- **What you should do**: Return the data exactly, with all pictures removed.

- **Data below**:
================
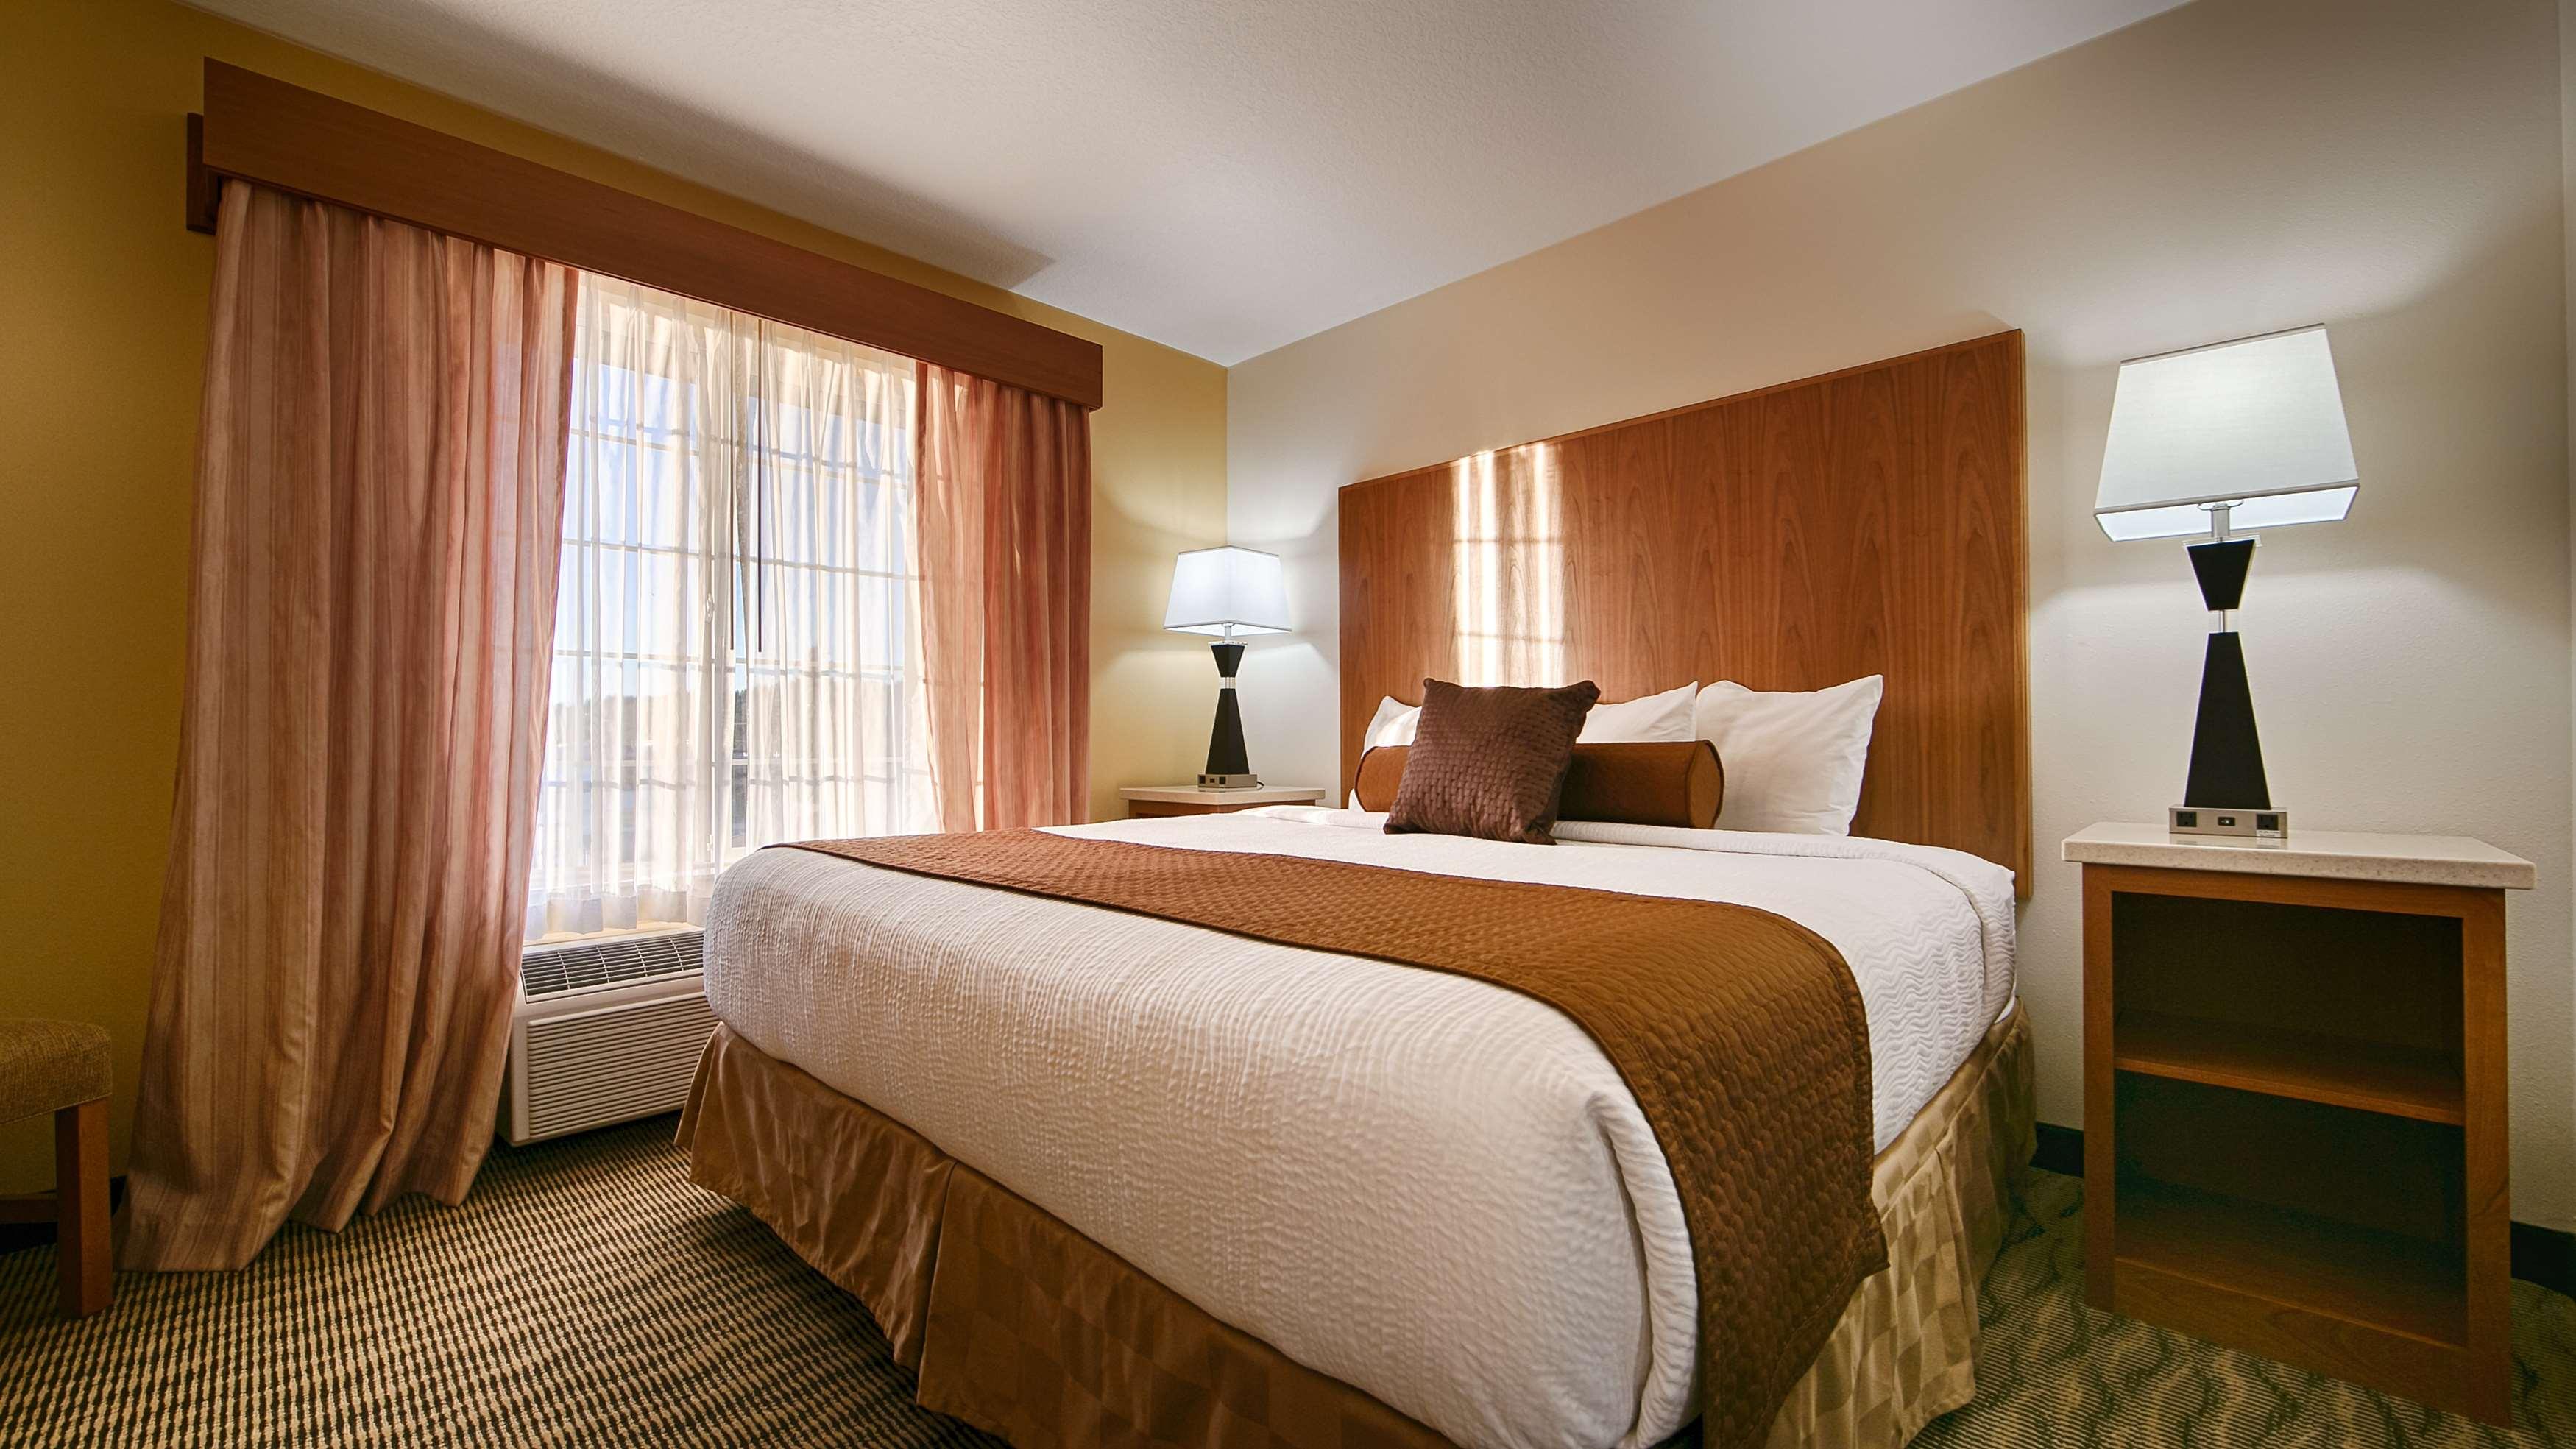 Best Western Plus Park Place Inn & Suites image 14
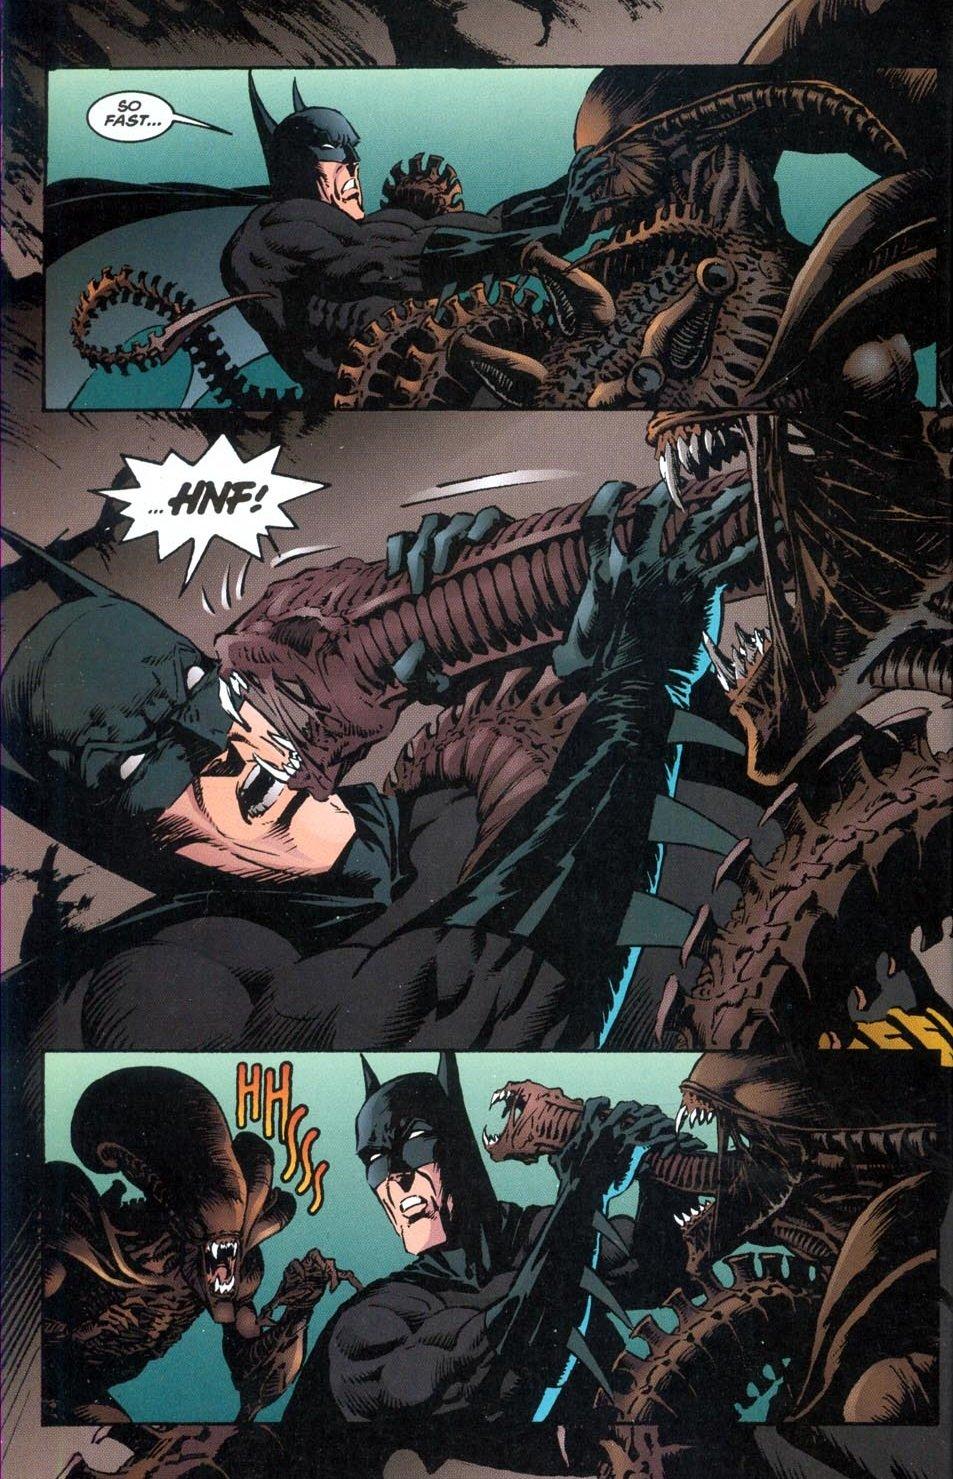 Бэтмен против Чужого?! Безумные комикс-кроссоверы сксеноморфами | Канобу - Изображение 18
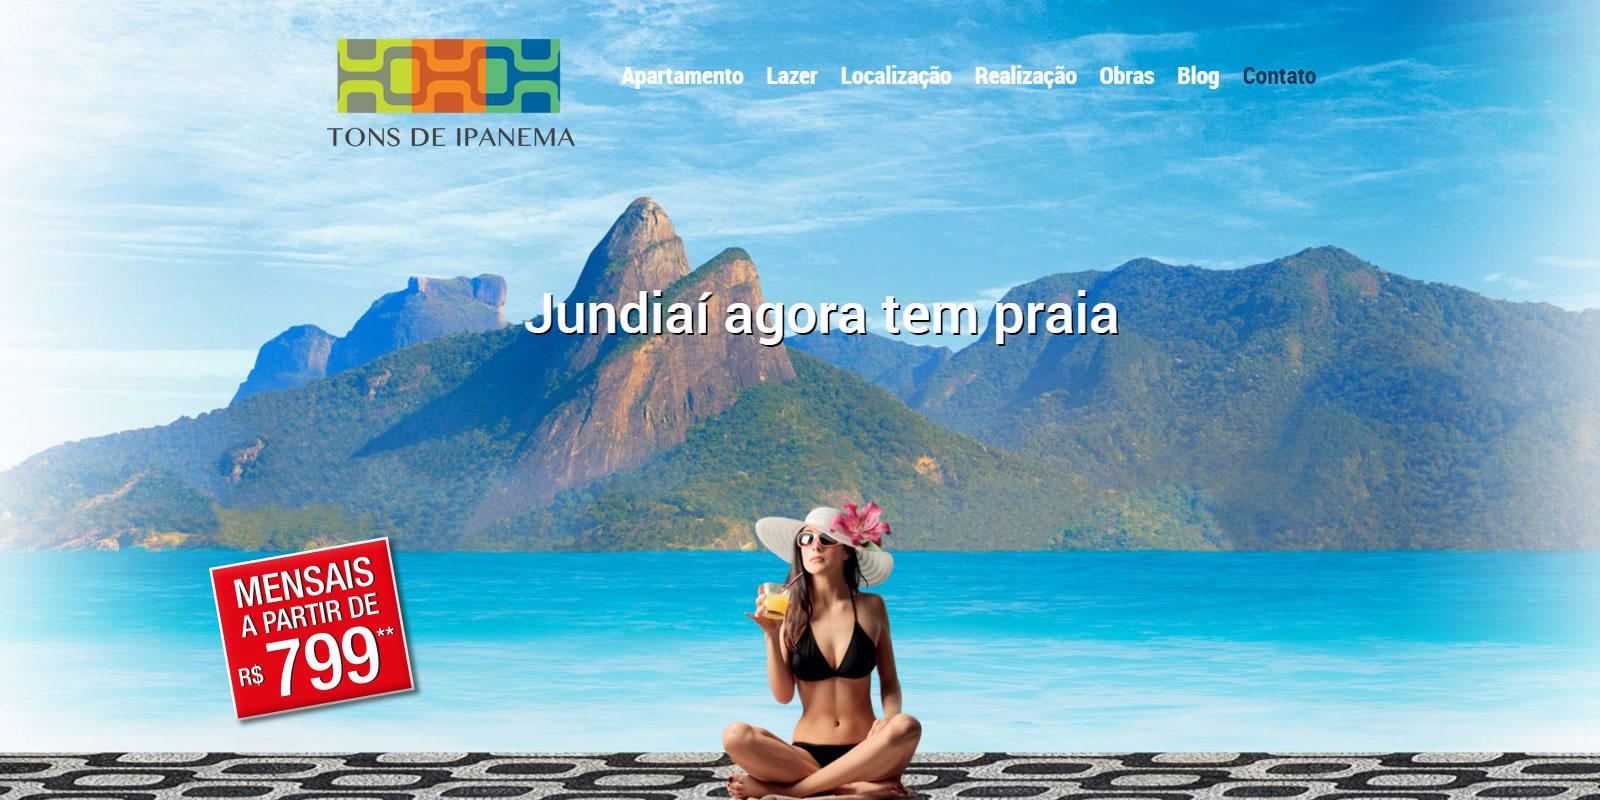 Tons de Ipanema - Apartamentos em Jundiaí Prontos p/ Morar
================
- **Written answer**:
 Best Western Plus Park Place Inn & Suites image 14
 Бэтмен против Чужого?! Безумные комикс-кроссоверы сксеноморфами | Канобу - Изображение 18
 Tons de Ipanema - Apartamentos em Jundiaí Prontos p/ Morar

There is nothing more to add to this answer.